- GOAL OF THE EXERCISE
Keep the pictures out of the copy and print all the entries below exactly.

[[ PROVIDED ENTRIES, beginning ]]

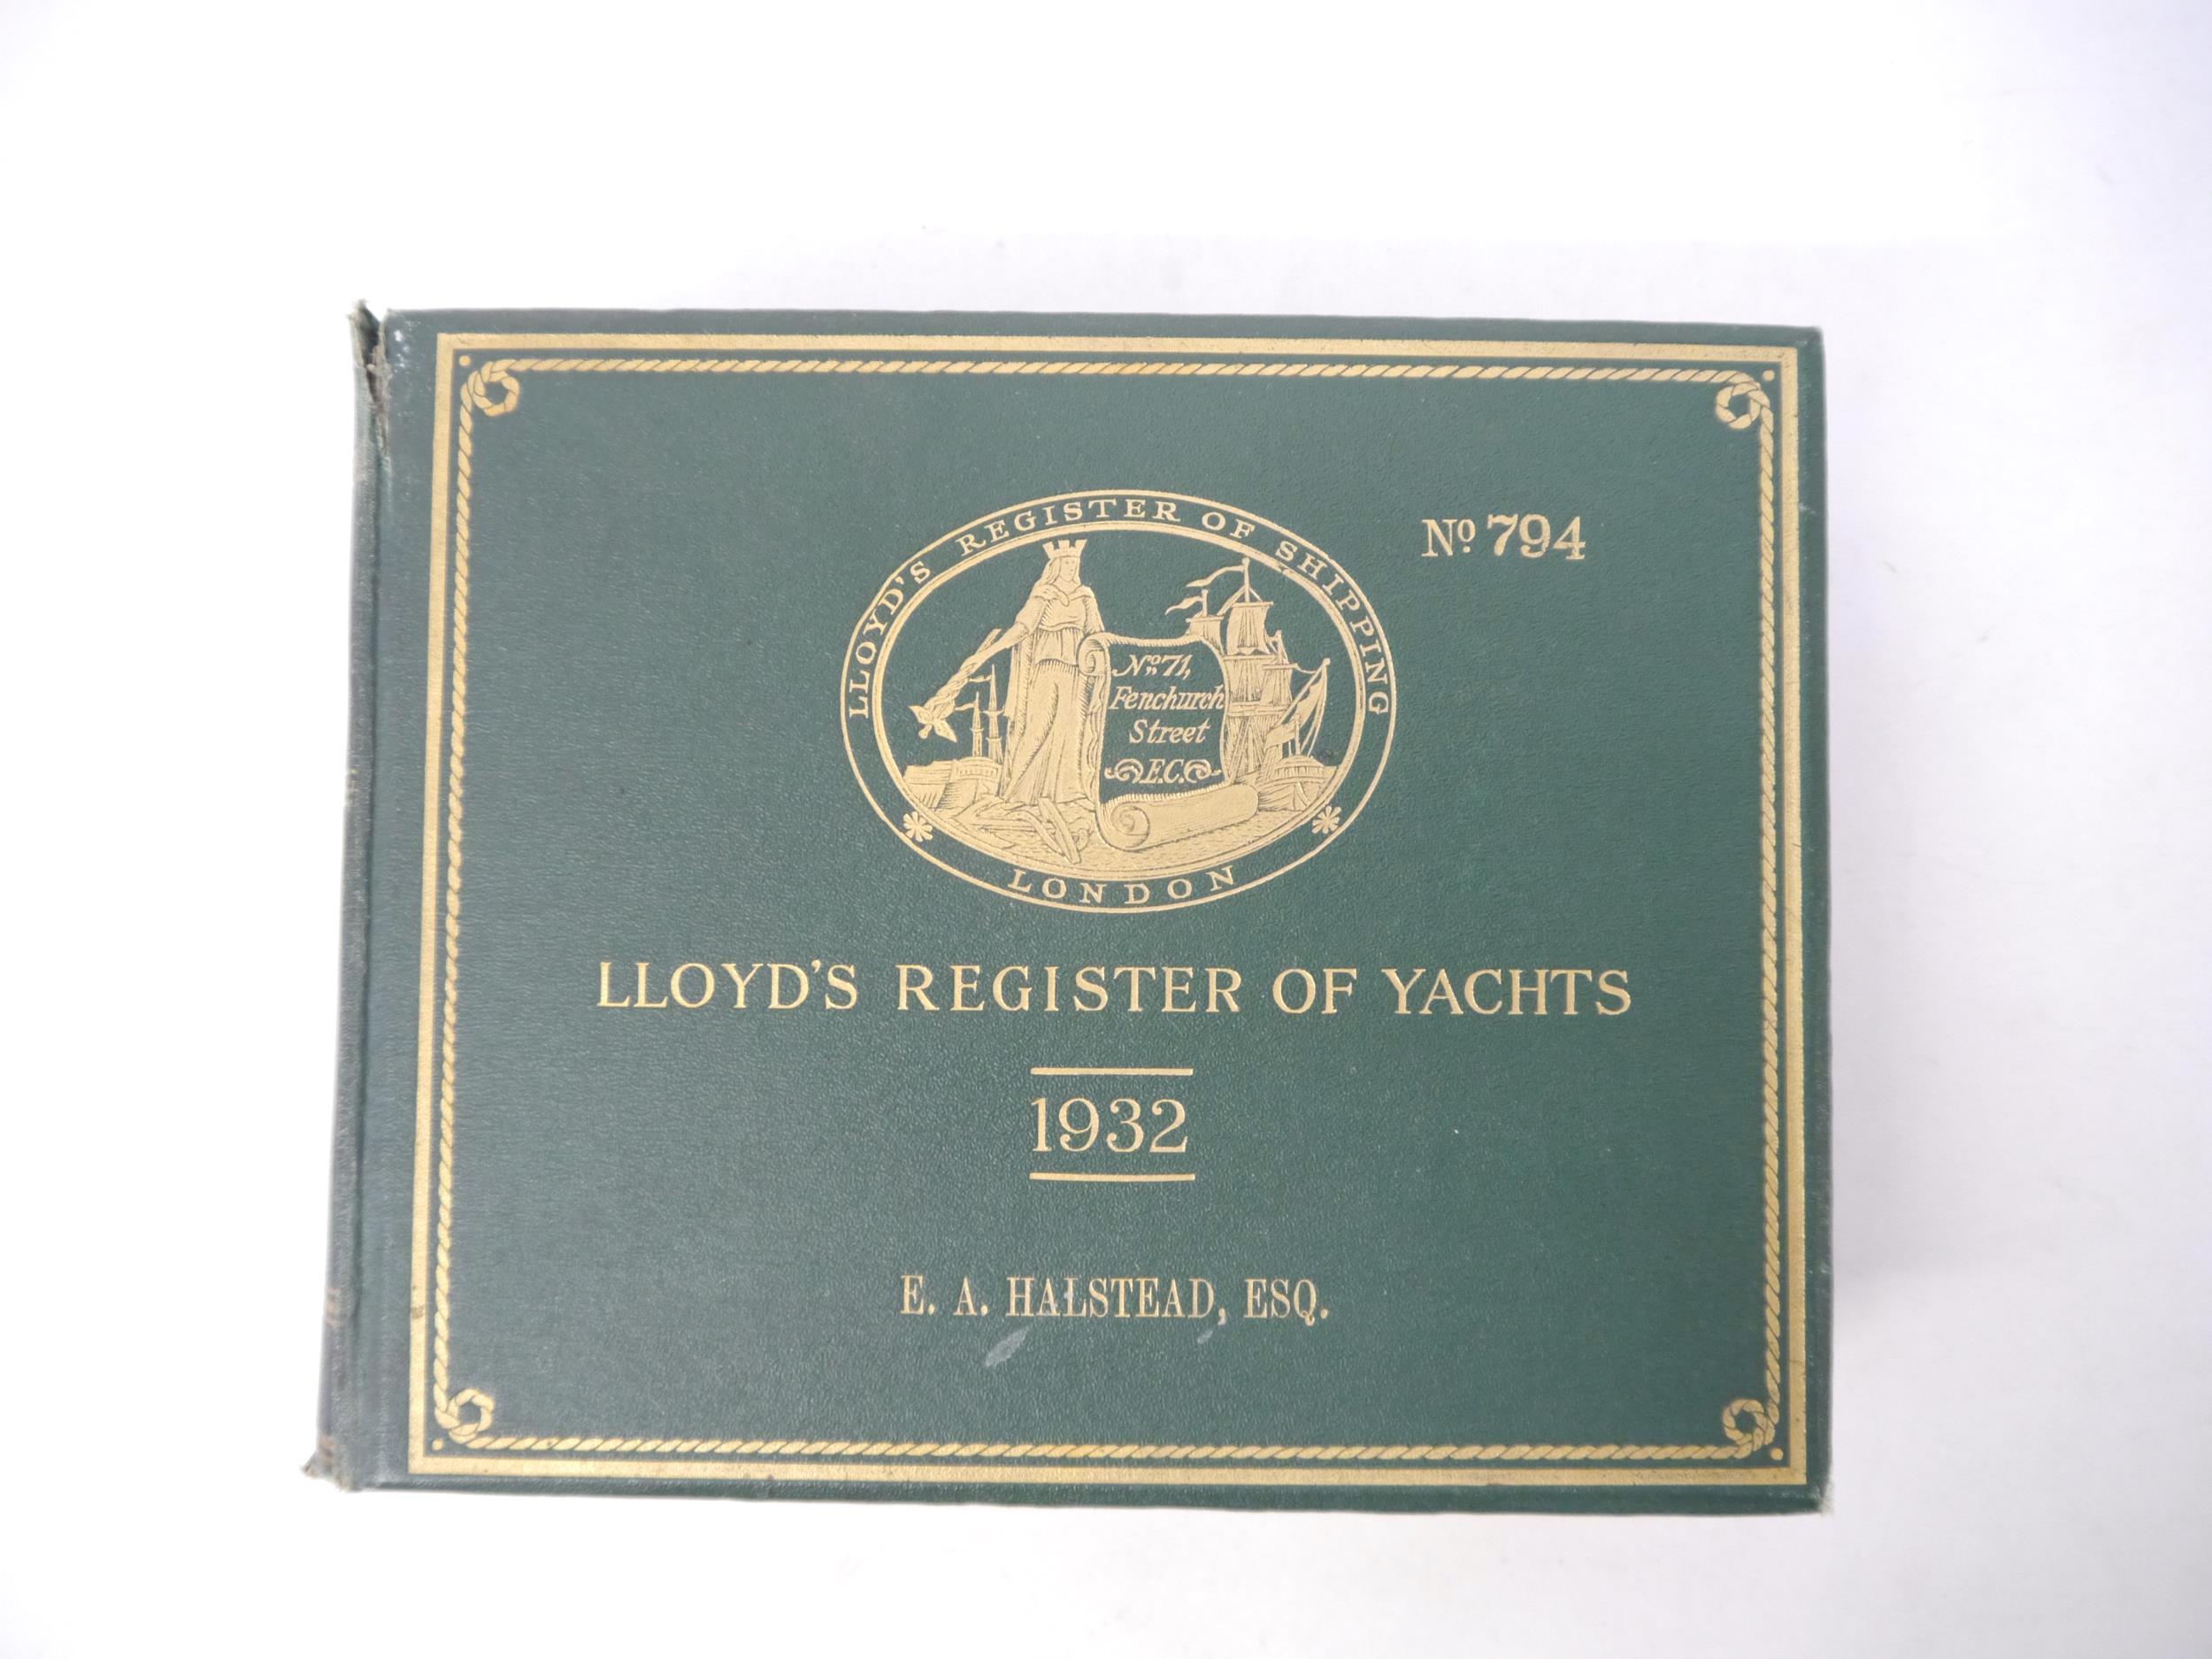 E.A. Halstead: 'Lloyd's Register of Yachts for the Year 1932', London, May 1932, 38 pages of
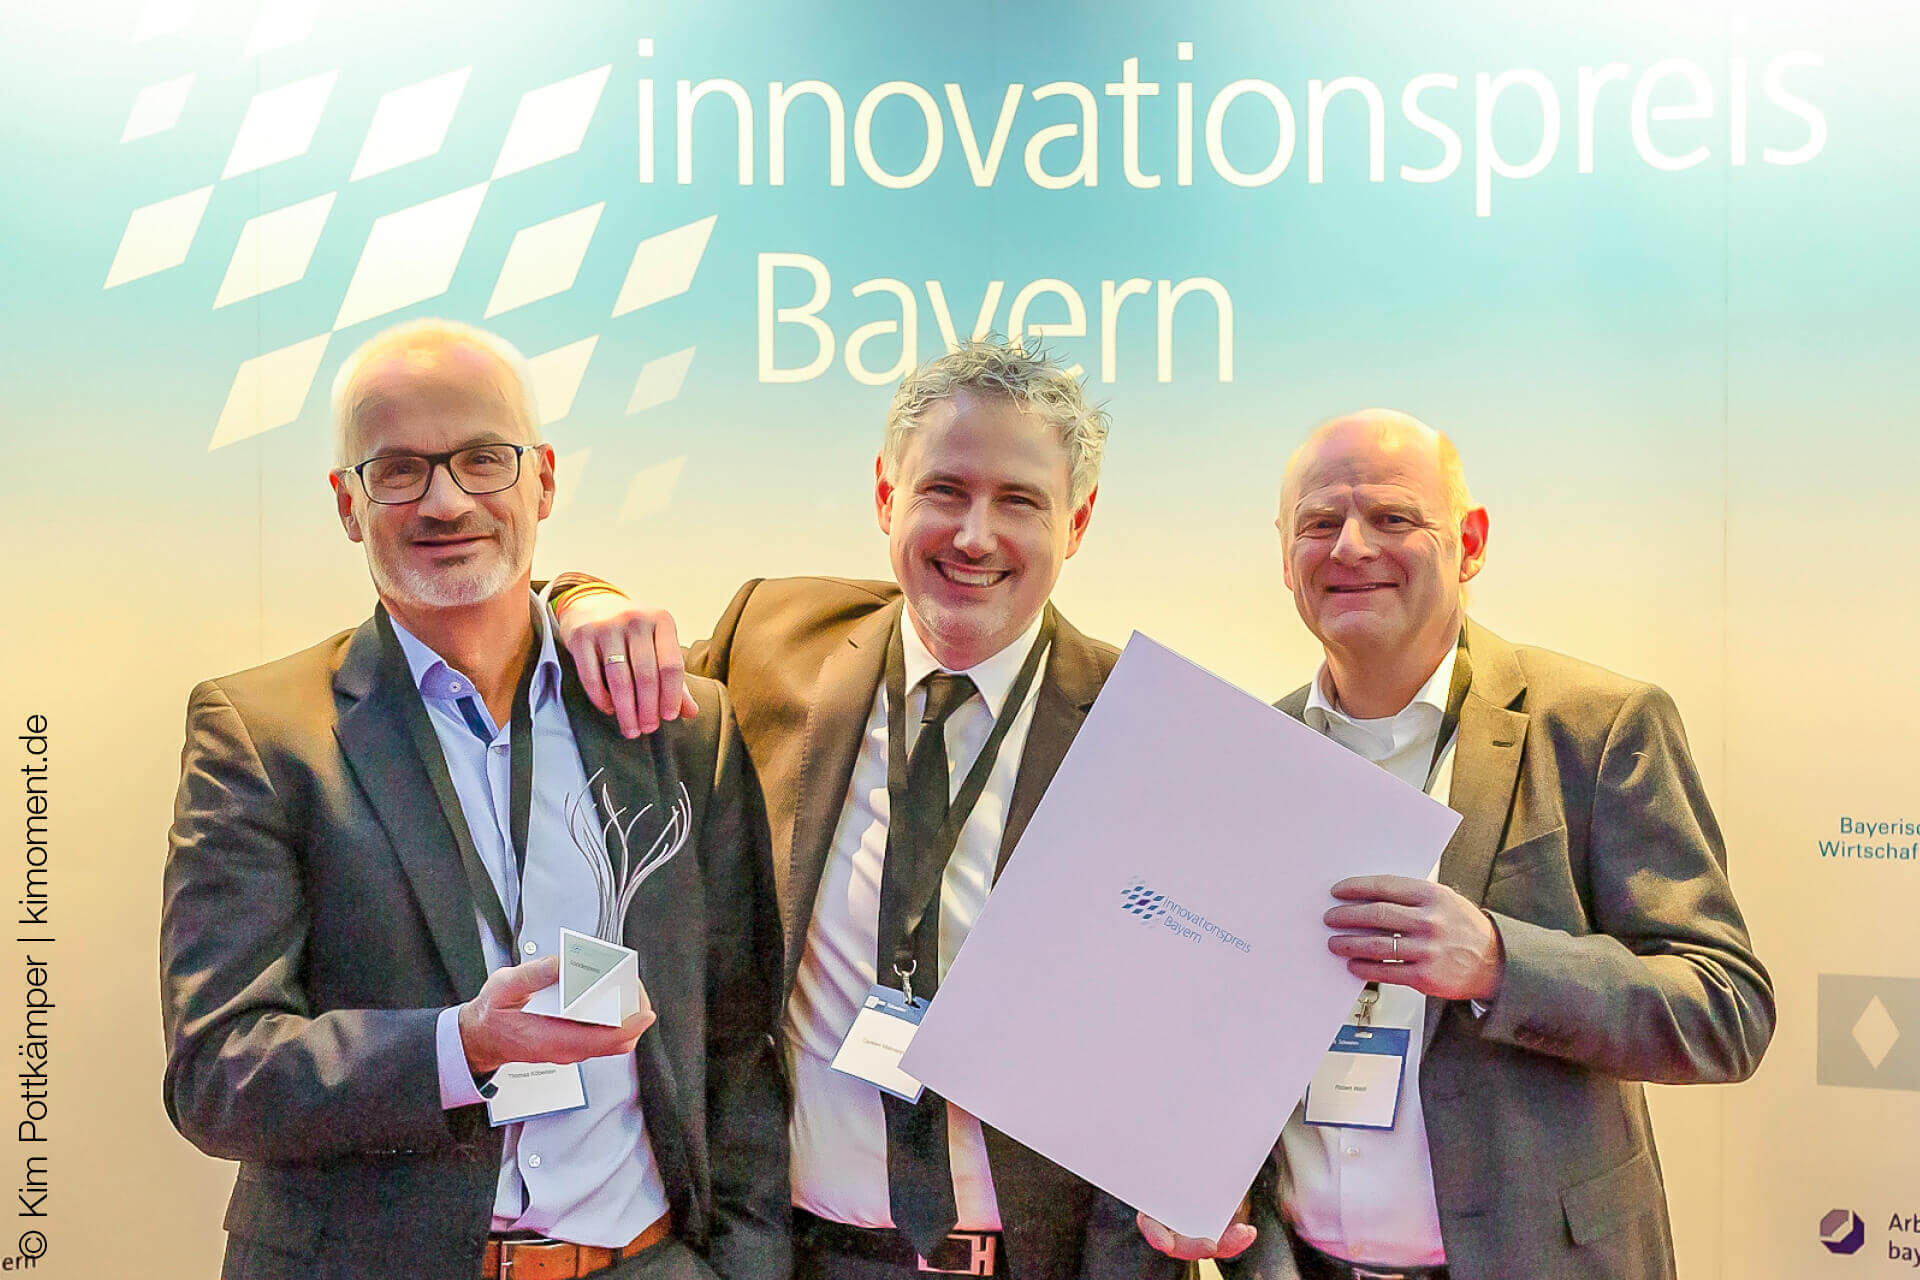 Jointly celebrating the Innovation Award Bavaria: Thomas Köberlein, President of Schreiner ProTech, Dr. Carsten Mahrenholz, CEO of Coldplasmatech, and Robert Weiß, Head of Technology and Innovation Management at Schreiner Group.
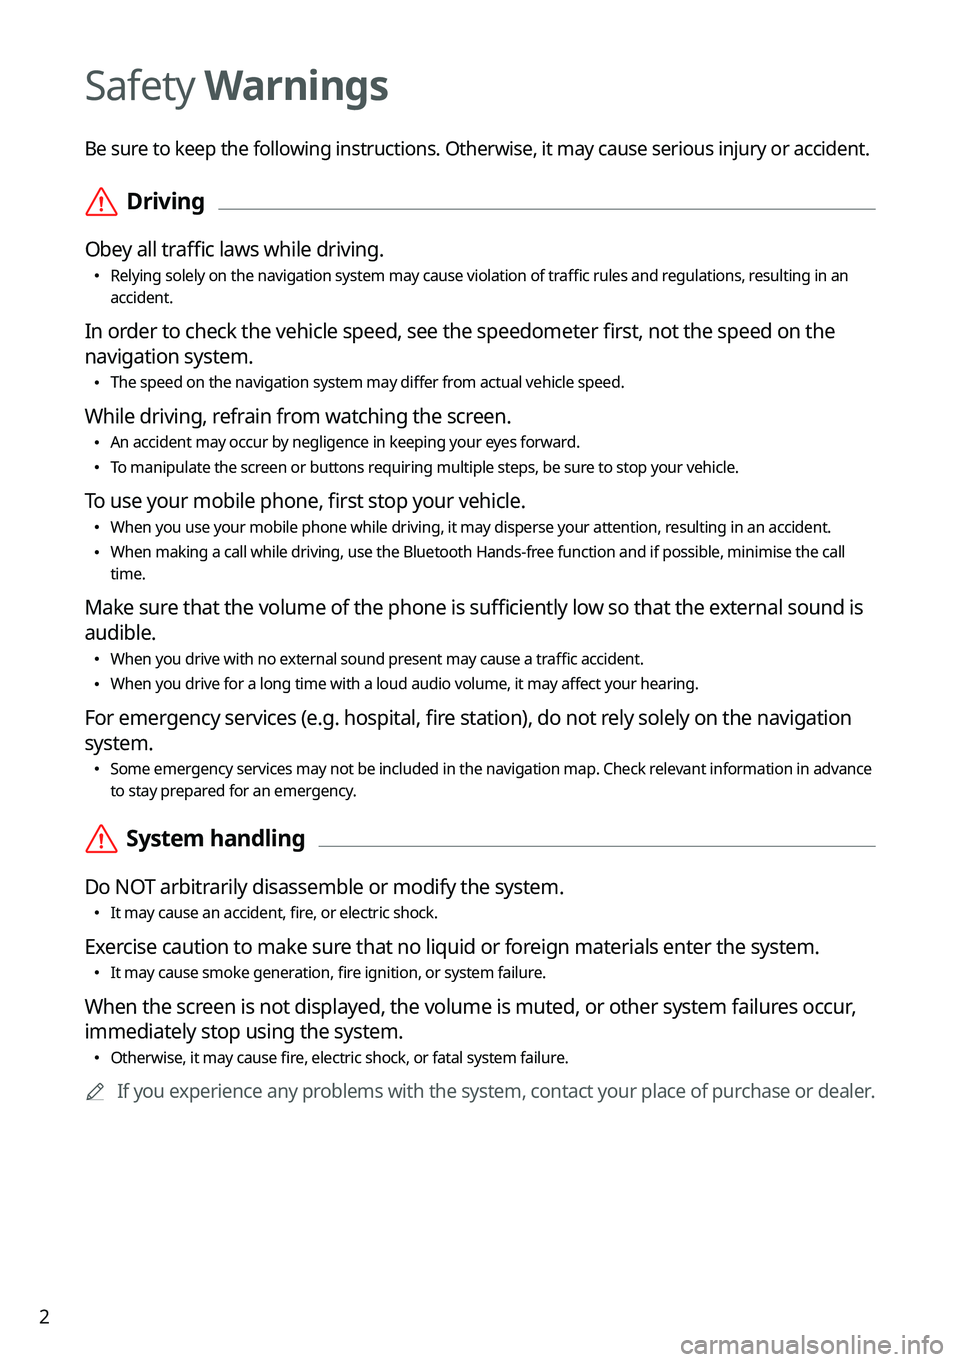 KIA FORTE 2022  Navigation System Quick Reference Guide 2
Safety Warnings
Be sure to keep the following instructions. Otherwise, it may cause serious injury or accident.
 \335Driving
Obey all traffic laws while driving.
 \225
Relying solely on the navigati

[[ PROVIDED ENTRIES, end ]]

- OUTPUT FOR THIS TASK
 E.A. Halstead: 'Lloyd's Register of Yachts for the Year 1932', London, May 1932, 38 pages of
 Jointly celebrating the Innovation Award Bavaria: Thomas Köberlein, President of Schreiner ProTech, Dr. Carsten Mahrenholz, CEO of Coldplasmatech, and Robert Weiß, Head of Technology and Innovation Management at Schreiner Group.
 KIA FORTE 2022  Navigation System Quick Reference Guide 2
Safety Warnings
Be sure to keep the following instructions. Otherwise, it may cause serious injury or accident.
 \335Driving
Obey all traffic laws while driving.
 \225
Relying solely on the navigati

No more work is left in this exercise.